My favourite part of Bethesda games is their role-playing element. I love picking the motivations and actions of my character purely on the basis of what fake attributes I have decided to give them. In the beginning of Fallout 4, the only choice you are given is what sex to be, and your single plot-based motivation is to find your son. An association mysteriously known as “The Institute” kills your lover and kidnaps your son before freezing you in a cryogenic pod, conveniently saving your life from an atomic bomb blast. When you awake, there follows a slew of plot twists and shocking facts about your life and the world around you. The sheer number of twists in the plot isn’t that surprising, considering that you have been frozen for over 100 years.
Fallout 4 is very similar to its predecessor, Fallout 3. Both games are open-world role playing adventure games set in a post-apocalyptic world, and both have a style that combines suburban 1970s America with futuristic technology.
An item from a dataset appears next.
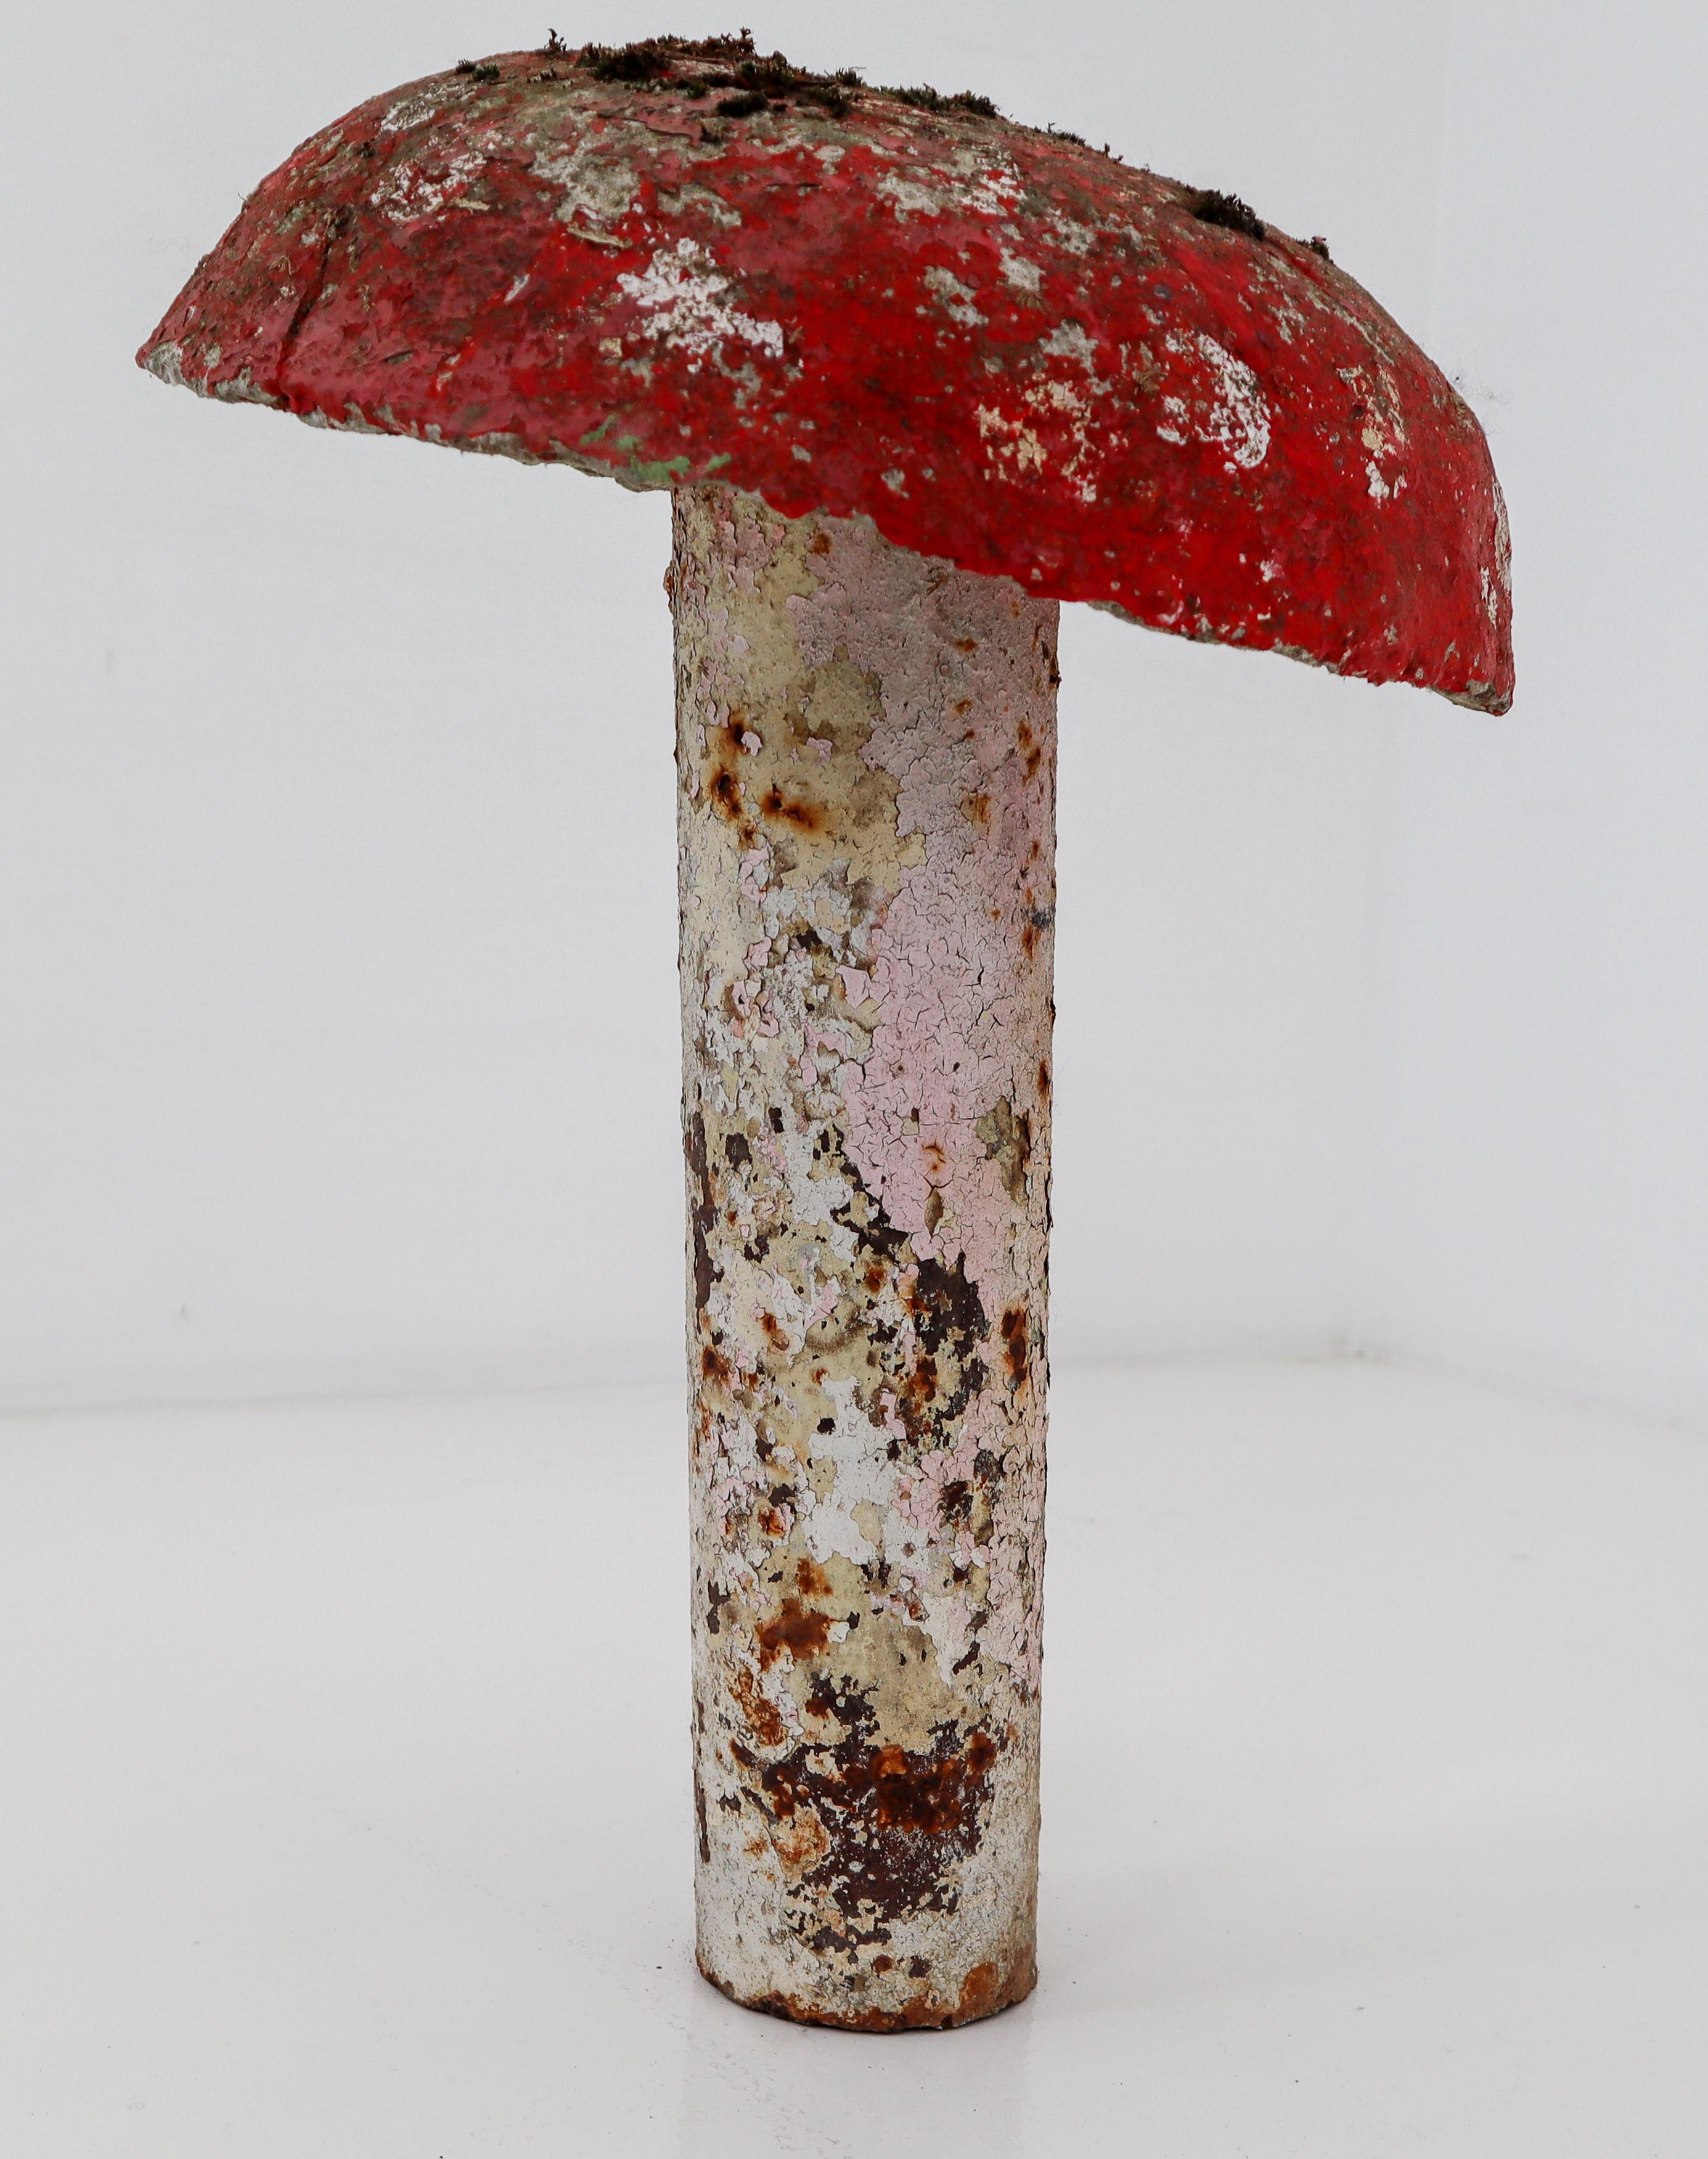 Found in France, this cement mushroom serves well as a whimsical garden element. Great color and patina.

Fallout 4 starts off with an amazing animated step by step guide of S.P.E.C.I.A.L.: Strength, Perception, Endurance, Charisma, Intelligence, Agility and Luck. This is the central levelling system in Fallout 4. Each perk is directly tied to the way people treat you in the post-apocalyptic Wasteland, and to how you will be able to explore the game. My go-to is to max out charisma, intelligence and agility, in order to have wider dialogue options. One thing I should clarify: while I LOVE Fallout, I am also very terrible at combat in Fallout. I can’t write much about its immense weapon customization. This is a hugely celebrated part of the franchise, but it is something I never personally explored.
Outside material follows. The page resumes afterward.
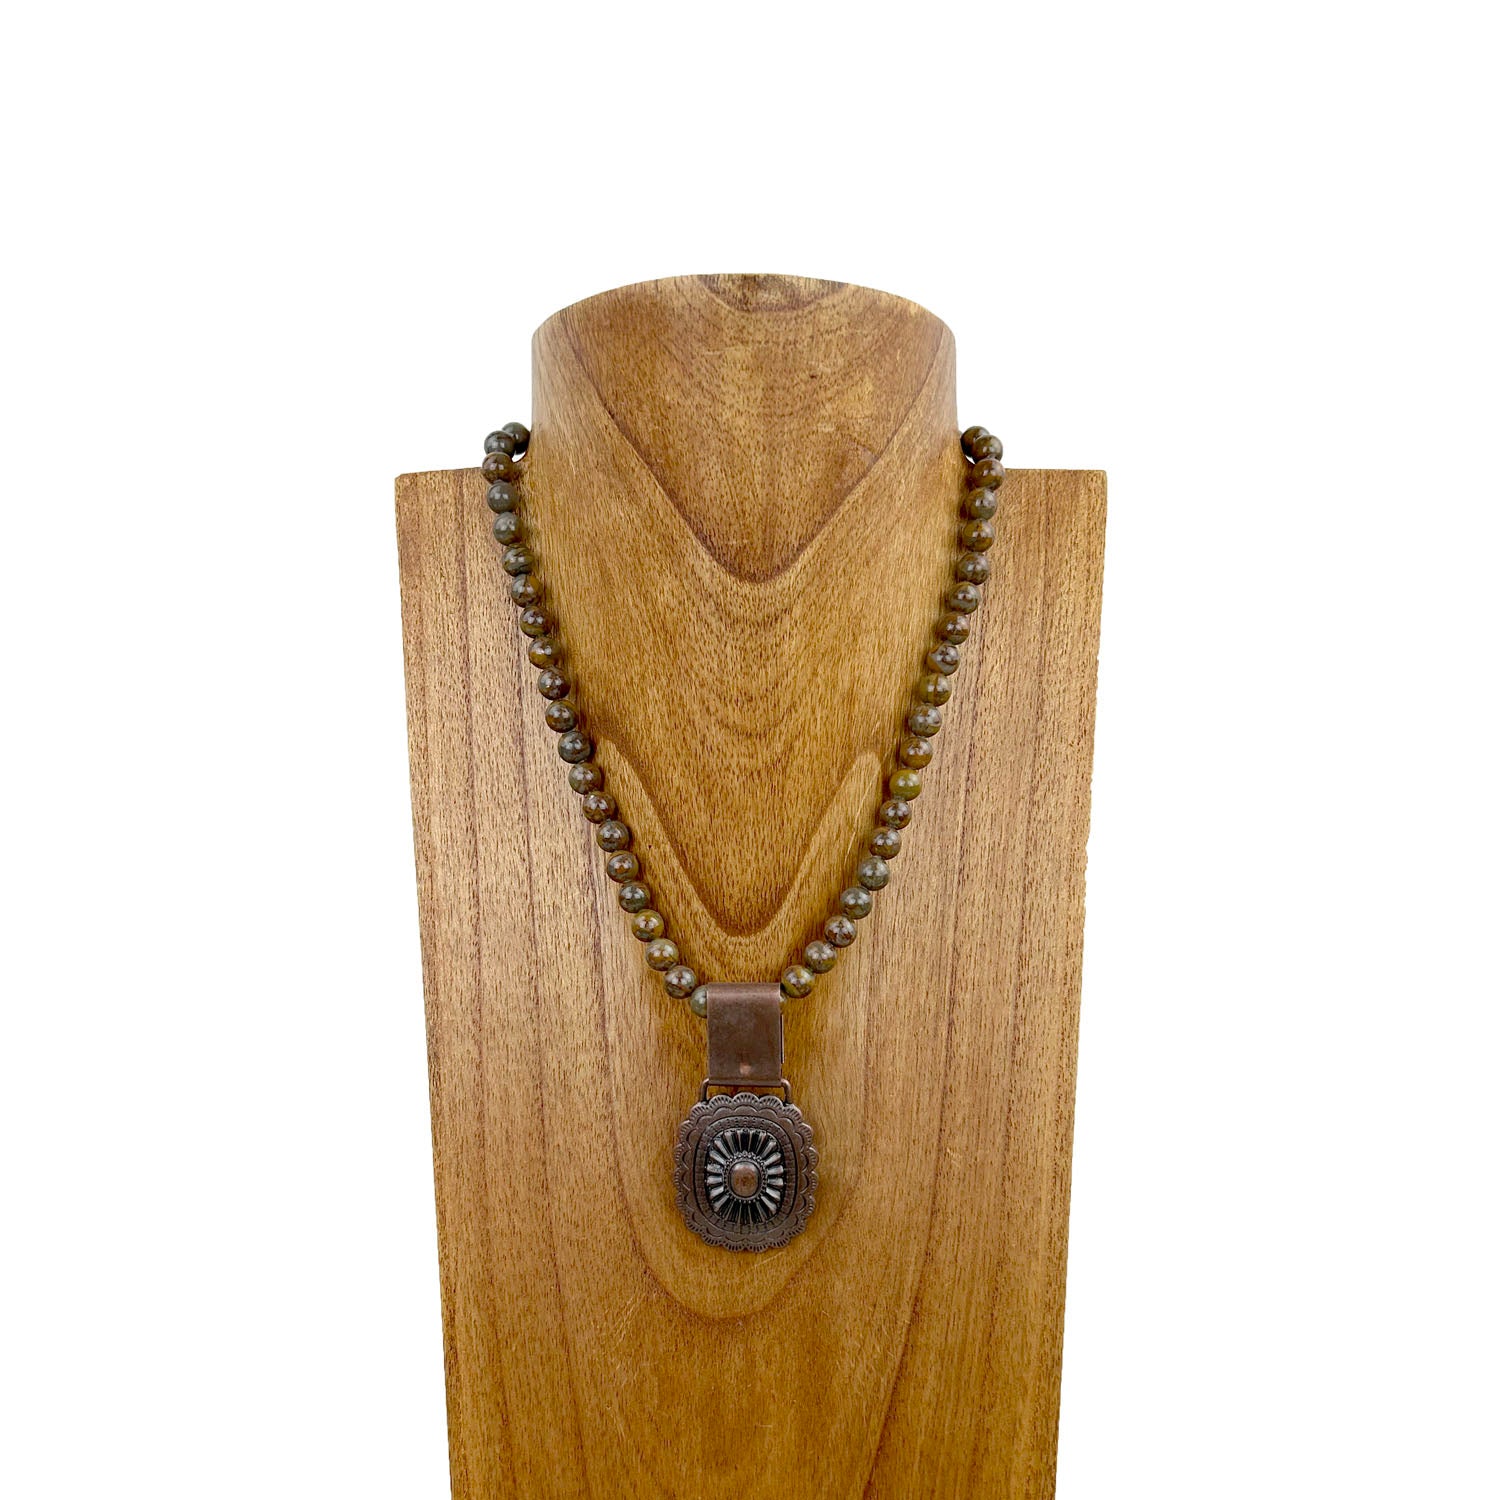 NKS230708-11	"18 inches long brown jasper stone with copper metal concho  pendant Necklace"

What Bethesda does best is open world gameplay, and Fallout 4 is no exception. You have the freedom to explore outside of the planned storyline and go anywhere you want right from the word go. Fallout 4 is set in the vibrant and colourful environment of Boston, USA. This is a huge difference from the grey, yellow-green swampy tones of its predecessor Fallout 3. As such, exploration is a lot more enticing and rewarding. You can explore from intricate alleys, pathways and tunnels in the heart of Boston, to hydroponic farms run by robots in the wasteland and the barren but breathtaking space of the Glowing Sea where the atom bomb first hit. I was probably a solid 20 hours into playing before I even attempted to follow the story of my character (whom I named Dragonborn, because I’m a goddamn comedian). There is no shortage of stuff to do in Fallout 4: exploring vast spaces, encountering unique monsters, or being led on side missions that range from finding someone’s cat to returning a Deathclaw egg back to its nest.
While the missions were enormous fun, NPCs are a huge part of building an RPG’s universe. Out of the possibly hundreds I met, there were maybe only two or three who really stuck out to me. The rest seemed like lazily written cardboard cutouts. They had no real motivations of their own, and only existed as tools for the player to progress with. If there were a way to be more diplomatic with each faction in the Wasteland, my experience of Fallout 4 would have been a more positive one. I understand that a nuclear post-apocalyptic world is doomed to be inherently savage, but it would have been amazing to explore the world in a truly pacifist mindset. Given the motivations that I had invented for my character in my head, it was impossible to work on both sides of the conflicts destroying the Wasteland. My play through of the game was thus less meaningful than it could have been. Even though Fallout 4 is very impressively made, it was not a very memorable experience overall.